Четыре дня - Всеволод Михайлович Гаршин
Шрифт:
Интервал:
Закладка:
Я целых две недели ничего не делал. Ходил только в академию писать свою программу на ужаснейшую библейскую тему: обращение жены Лота в соляной столб. Все у меня уже было готово — и Лот и домочадцы его, но столба придумать я никак не мог. Сделать что-нибудь вроде могильного памятника или просто статую Лотовой супруги из каменной соли?
Жизнь шла вяло. Получил два письма от Сони. Получил, прочёл ее милую болтовню об институтских порядках, о том, что она читает потихоньку от аргусовских очей классных дам, и присоединил к пачке прежних писем, обвязанных розовой ленточкой. Я завёл эту ленточку еще лет пятнадцати и до сих пор не мог решиться выбросить ее. Да и зачем было выбрасывать? Кому она мешала? Но что сказал бы Бессонов, увидя это доказательство моей сентиментальности? Умилился бы еще раз перед моей «чистотой» или начал бы издеваться?
Однако он не на шутку огорчил меня. Что делать? Бросить картину или опять искать натуру?
Неожиданный случай помог мне. Однажды, когда я лежал на диване с каким-то глупым переводным французским романом и долежался до головной боли и отупения от разных моргов, полицейских сыщиков и воскресений людей, которых смерти хватило бы на двадцать человек, отворилась дверь и вошёл Гельфрейх.
Представьте себе тощие, кривые ножки, огромное туловище, задавленное двумя горбами, длинные, худые руки, высоко вздёрнутые плечи, как будто выражающие вечное сомнение, молодое бледное, слегка опухшее, но миловидное лицо на откинутой назад голове. Он был художник. Любители очень хорошо знают его картинки, писанные по большей части на один и тот же, слегка изменённый сюжет. Его герои — кошки; были у него коты спящие, коты с птичками, коты, выгибающие спину; даже пьяного кота с весёлыми глазами за бокалом вина изобразил однажды Гельфрейх. В котах он дошёл до возможного совершенства, но больше ни за что не брался. Если в картинке, кроме кошек, были еще какие-нибудь аксессуары — зелень, откуда должны были выглядывать розовый носик и золотистые глазки с узкими зрачками, какая-нибудь драпировка, корзинка, в которой поместилось целое семейство котят с огромными прозрачными ушами, — то он обращался ко мне. Он и на этот раз вошёл с чем-то завёрнутым в синюю бумагу. Протянув мне свою белую и костлявую руку, он положил свёрток на стол и стал развязывать его.
— Опять кот? — спросил я.
— Опять… Нужно, видишь ли, тут коврик немножко… а на другом кусок дивана…

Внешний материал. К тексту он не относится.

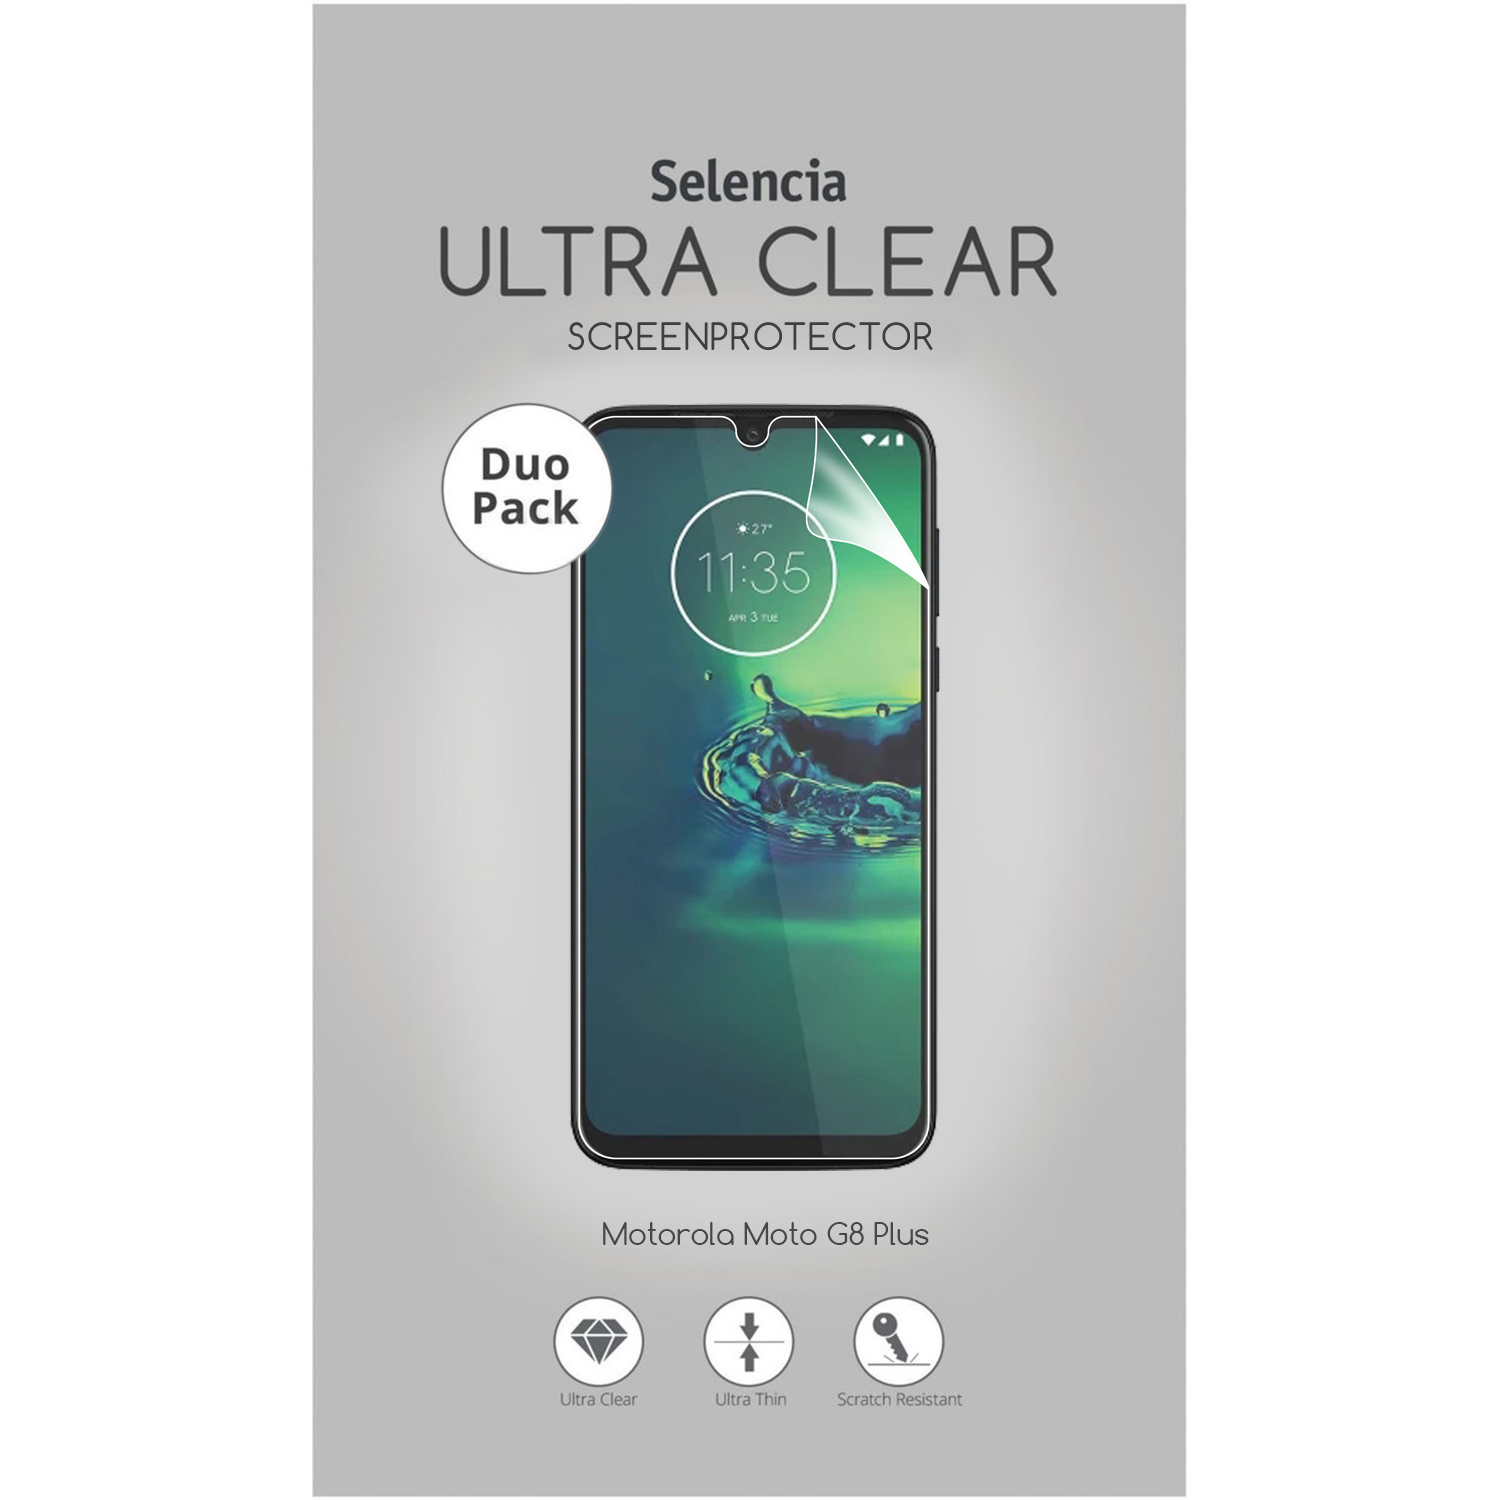 Selencia Pack Ultra Clear Screenprotector voor de Motorola Moto G8 Plus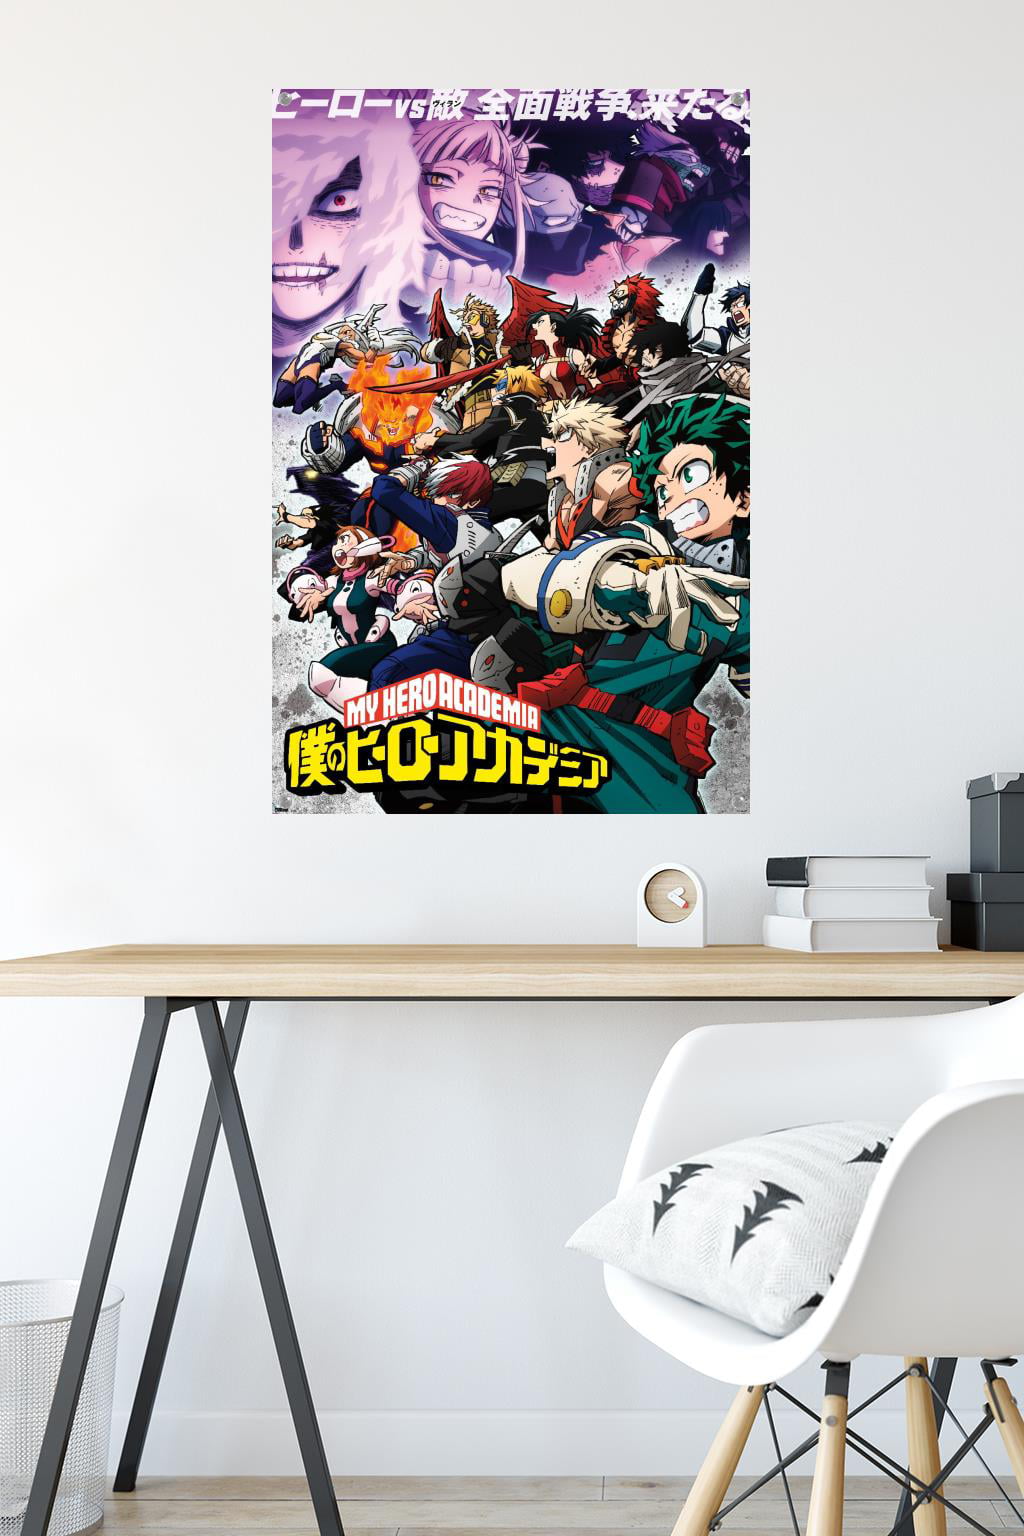  Trends International My Hero Academia: Season 6 - Key Art Wall  Poster, 22.37 x 34.00, Premium Unframed Version: Posters & Prints

Он развернул бумагу и показал мне две небольшие, в пол-аршина, картинки; фигурки кошек были совсем окончены, но были написаны на фоне из белого полотна.
— Или не диван, так что-нибудь… Ты сочини уж. Надоело мне.
— Скоро ты бросишь этих котов, Семён Иваныч?
— Да нужно бы бросить, мешают они мне, очень мешают. Да что же ты поделаешь? Деньги! Ведь вот этакая дрянь — двести рублей.
И он, расставив тонкие ноги, пожал своими и так уже вечно сжатыми плечами и развёл руками, как будто хотел выразить изумление, как такая дрянь может находить себе покупателя.
Своими кошками он в два года добился известности. Ни прежде, ни после (разве только на одной картинке покойного Гуна) я не видал такого мастерства в изображении котов всевозможных возрастов, мастей и положений. Но обратив на них свое исключительное внимание, Гельфрейх забросил все остальное.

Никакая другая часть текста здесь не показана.